LeEco X722 - best bang for the buck in the market today imho (~€140). Snapdragon 820, 32GB storage, 5.5" FHD display. LeEco is also known for great audio quality. I got one myself.

Edit: LeEco X820 might be a great add to the budget list. Despite featuring almost the same hardware as X722 (more screen and less battery), it has more custom roms.

I wouldn't suggest OnePlus because it's more expensive but even local retailers used to sell and offer support for it in the UE (and in the UK before brexit from what I heard).

Huawei (3rd biggest mobile company at the moment), for instance, make the whole device under good quality control. They don't outsource a single component for their flagships. Plus, they tend to update their security patch level more timely than Samsung in my experience, after all they must have learnt a thing or two with their long lasting Google partnership.

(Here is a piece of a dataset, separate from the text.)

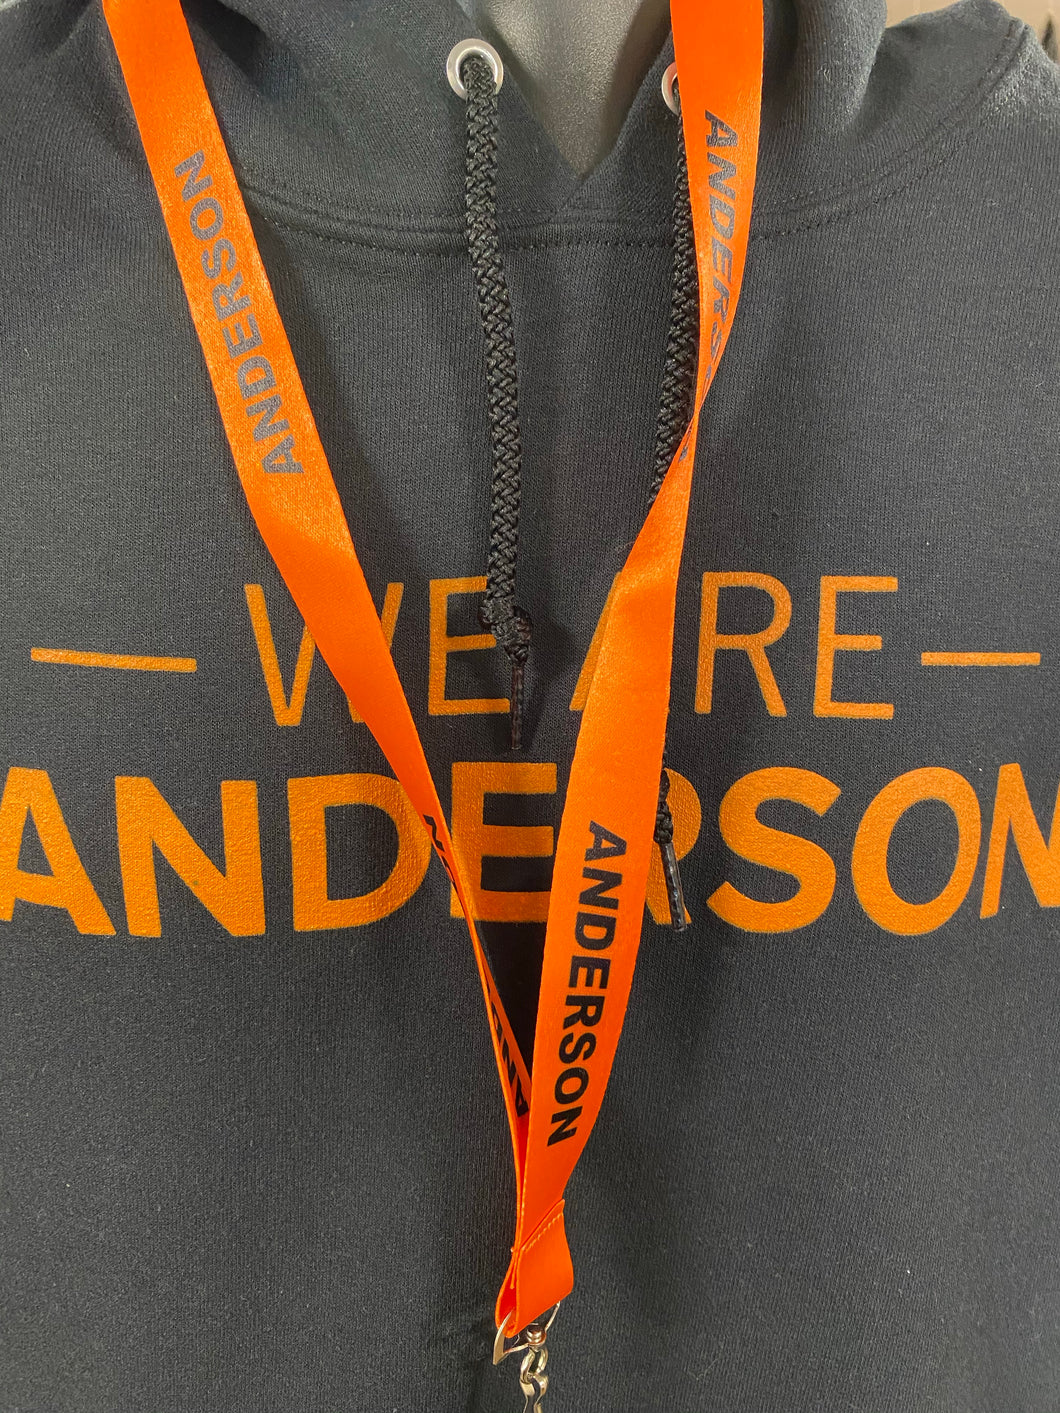 Lanyard - Anderson - Orange

Huawei manufactured the Nexus 6P but declined to make the Google Pixel in favor of their own branding - seems things turned out just fine so far.

As for minor brands, I ventured into acquiring a few devices and I've been pretty happy with them - they're not big on OS updates which's just the same with most non-flagship Sammys (like the J series) as far as I know.


----------



## Sandi1987 (Mar 2, 2018)

Both phones sucks because non-removable battery. Phone battery works max. 2 years and you need to buy new phone. I don't have money for expensive phones. I have Samsung Galaxy S4 and S4 mini and i will have until die. I have Samsung Galaxy S3 too but it's too slow. I bought used Samsung Galaxy S7 and battery is very bad and i'm not using anymore. Used phone never again. All new phones sucks because non-removable battery.


----------



## eidairaman1 (Mar 2, 2018)

Im using a S5, Get a LG V series then...


----------



## AlienIsGOD (Mar 2, 2018)

Sandi1987 said:


> Both phones sucks because non-removable battery.


so why ask for advice between the 2 if you knew they both "sucked" ?


----------



## bogmali (Apr 1, 2018)

AlienIsGOD said:


> so why ask for advice between the 2 if you knew they both "sucked" ?



That pretty much tells me that the OP got his/her answer. Closing up shop


----------